Splice up your life (actually, don’t)

The photo above is of the side of my dad’s cereal box (and a bit of the side of my dad). It’s made by a company called Rude Health. All in all they have a pretty nice way of writing (although they’re a bit inconsistent) – they say things like this on their packaging: ‘You’re in rude health when you have muscles in places where most people don’t even have places.’ Nice, right? But the text in the picture above is let down, at least in my super-fussy opinion*, by the presence of a comma splice in the fourth sentence:

‘The proof is in the taste, try it for yourself.’

Splice the mainbrace**

A comma splice is when you use a comma to join two independent clauses. Which you shouldn’t. Why not? Because a comma’s too much of a wimp for the job. Here’s another example of a splice in action:

‘Dean loves chips, he eats them once a week.’

Both parts of that sentence are main clauses in their own right. So that means you need something more hardworking than a comma to join them. In fact, you have a few grammatical choices, you lucky thing. You could:

  • split it into two sentences
  • use a dash
  • swap the comma for a semicolon (ooh, fancy)
  • put in a conjunction (a word we use to connect clauses or sentences like and, but or if).

All of which would change our example to:

  • ‘Dean loves chips. He eats them once a week.’
  • ‘Dean loves chips – he eats them once a week.’
  • ‘Dean loves chips; he eats them once a week.’
  • ‘Dean loves chips and he eats them once a week.’

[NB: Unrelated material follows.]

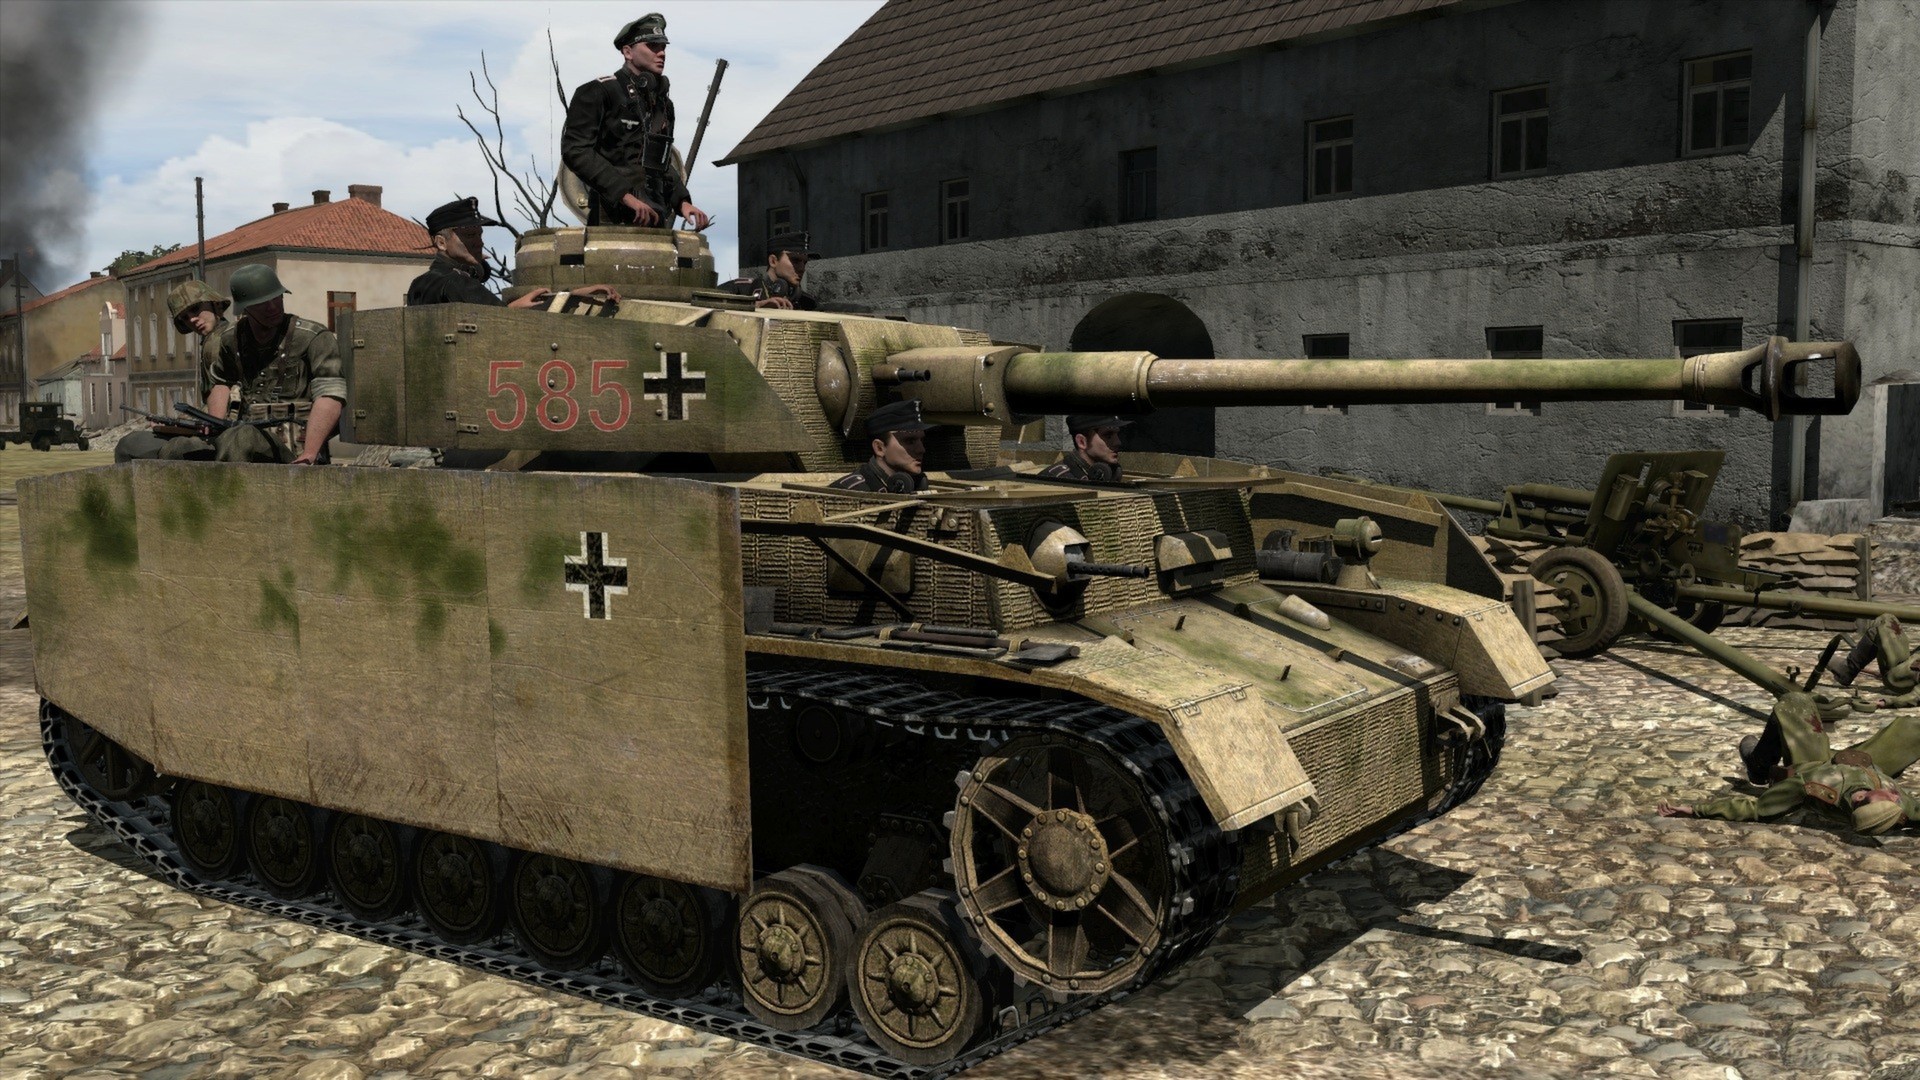 Iron Front Liberation 1944 Backgrounds, Compatible - PC, Mobile, Gadgets| 1920x1080 px
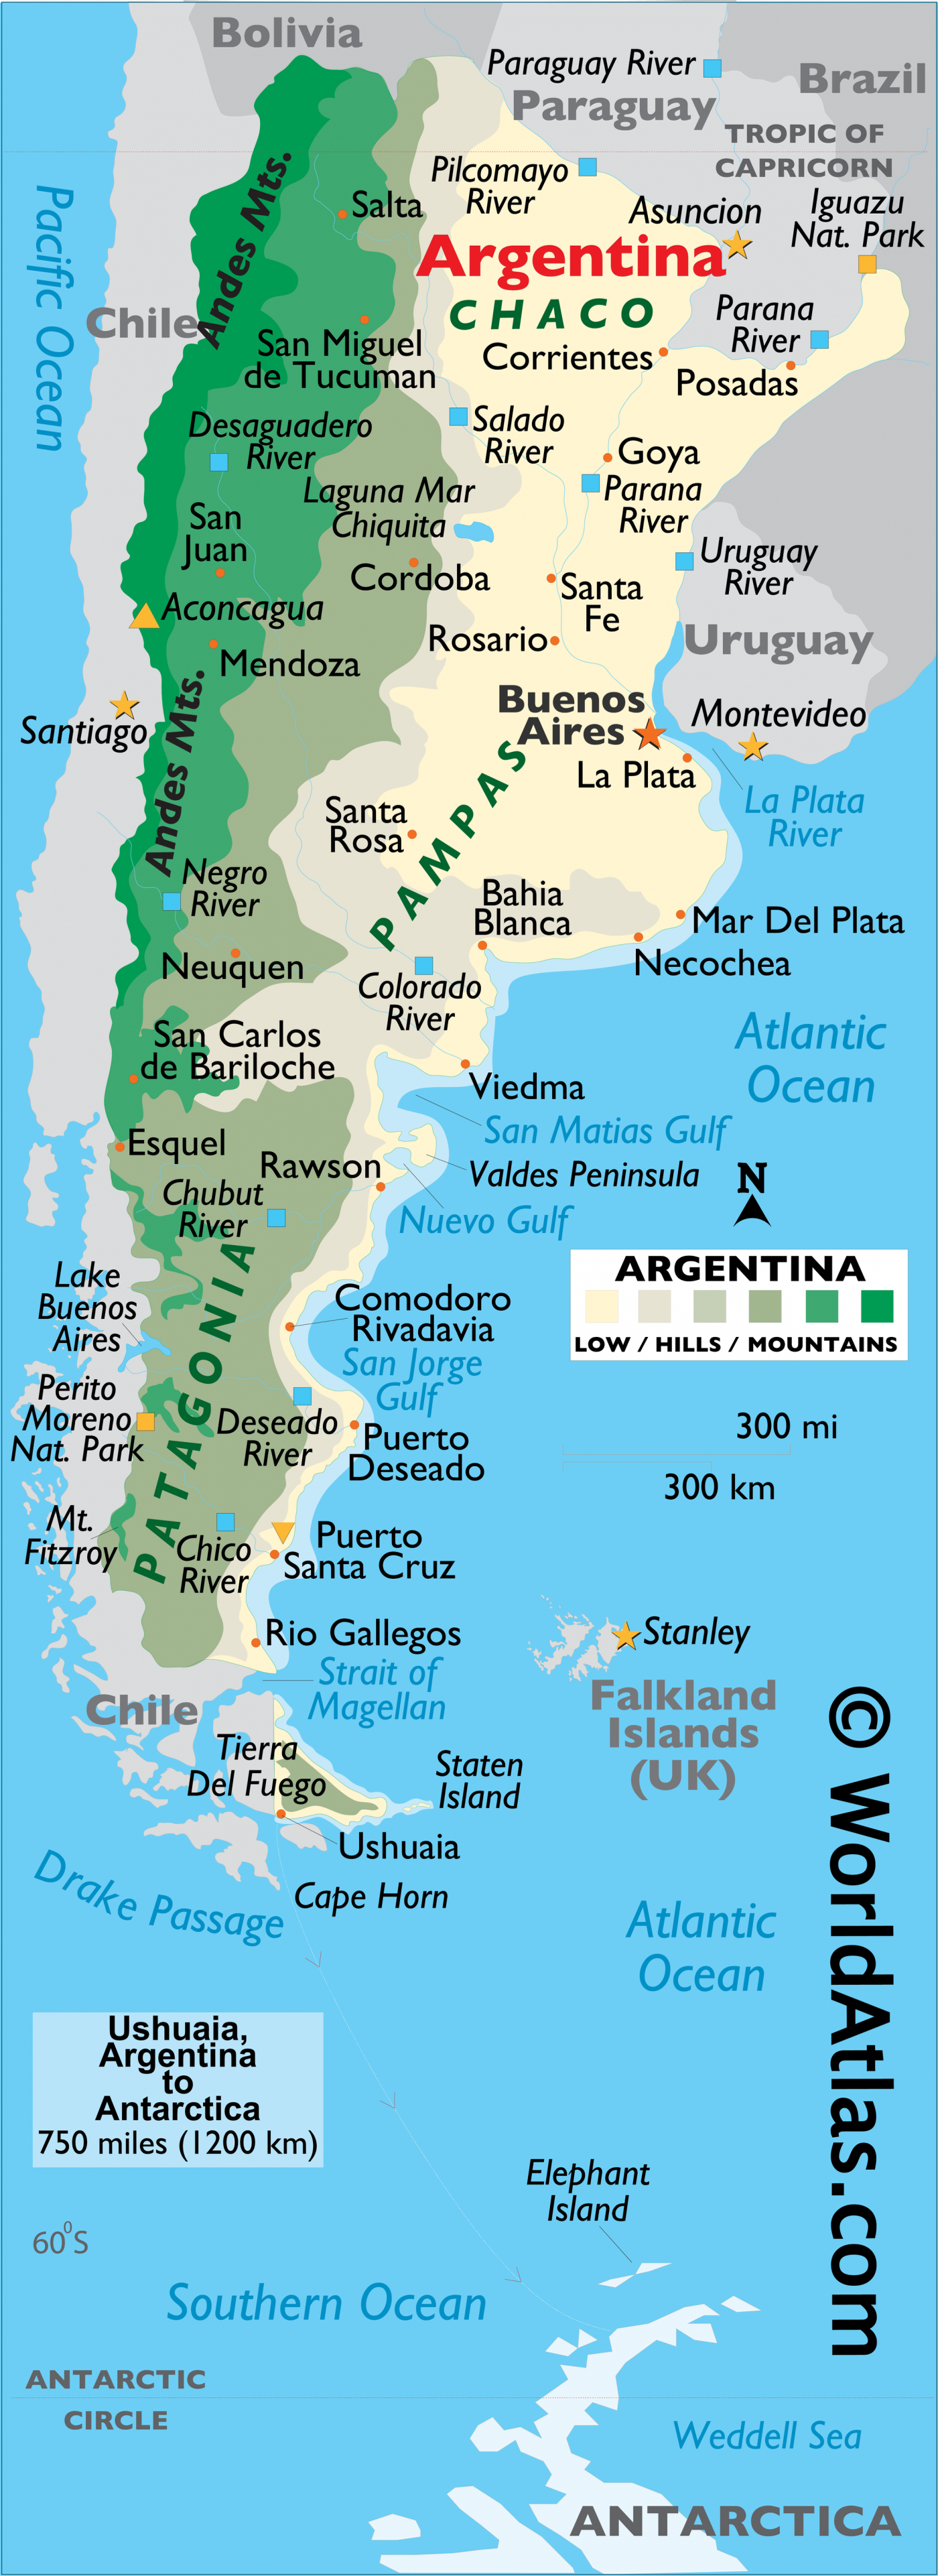 A map of Argentina, showing the different regions of the country

Just not a comma. Never a comma. It’s a pretty easy one to remember – if the two parts of your sentence can stand on their own (or are two separate thoughts, if that’s easier to spot), then you’ll need to bring out the punctuation big guns. Because in cases like these the comma just isn’t up to the job.


* They also have three dashes in three consecutive sentences which is annoying. But as someone who uses way too many dashes I’m letting that one slide – although a good proofreader should have picked up on it. I would have got rid of at least one of them.

** I thought I should Google this to check exactly what it means in the world of nautical expressions. Something to do with sails and ropes, I thought. Well, I was half right. Back in days of yore it was an order used on naval vessels to carry out a really difficult repair. But these days it’s an order to get the crew an alcoholic drink. That’s because once a crewman had survived doing the difficult repair, they were rewarded with celebratory booze. And when sails were later replaced by steam, they cut out the middleman and just used the order when the crew deserved an extra tot of rum.

Wow, this blog is super informative.

Slaughterhouse semicolon

On Only Connect (hardest quiz on TV) last week, Victoria Coren-Mitchell quoted Kurt Vonnegut’s views on semicolons. In his book A Man Without a Country, Vonnegut writes:

‘…do not use semicolons. They are transvestite hermaphrodites representing absolutely nothing. All they do is show you’ve been to college.’

Now, I’m not one to contradict a literary luminary like Vonnegut, but I think I have to take issue with this. And this is why.

Here comes the science

Semicolons have two uses: for complicated lists, and to link two separate sentences that are closely related. It’s the second one I’ll be concentrating on today. Here’s an example:

‘Dean was fed up with working; he’d rather be in the pub.’

semicolon.jpg

A comma would be wrong here and would cause a comma splice (don’t get me started on comma splices; I hate them). That’s because grammar rules say you can’t link two independent clauses – i.e. two clauses that are sentences on their own but are closely linked – with a comma. It has to be a semicolon, or a dash. On the other hand, comma splices are fine in some languages, and in fact some well-known quotes in English are comma splices. ‘I came, I saw, I conquered’ is one.

In real terms, a semicolon offers more of a pause than a comma, but not as much as a full stop. Read the sentence above out loud and you’ll hear it.

You could, of course, use a dash here (‘Dean was fed up with working – he’d rather be in the pub’). Speaking of which…

Dashed good grammar

Another issue with semicolons is that they can be hard to see online. If you’re reading text on a phone screen for example, a semicolon and a comma can look pretty similar (unless you’re a massive pedant like me). So the en dash (not the hyphen – I’ll have a rant about this in a later post) is rapidly stealing the semicolon’s job. Grammar books generally say you should use an en dash to mark off information that isn’t essential to the rest of the sentence, so they’re not technically interchangeable. And the OED says that you should avoid dashes in formal writing, although I definitely disagree with that.

My verdict…

All of this brings me to the conclusion that there definitely needs to be something in between a comma and a full stop. But whether that’s a dash or a semicolon is up to you.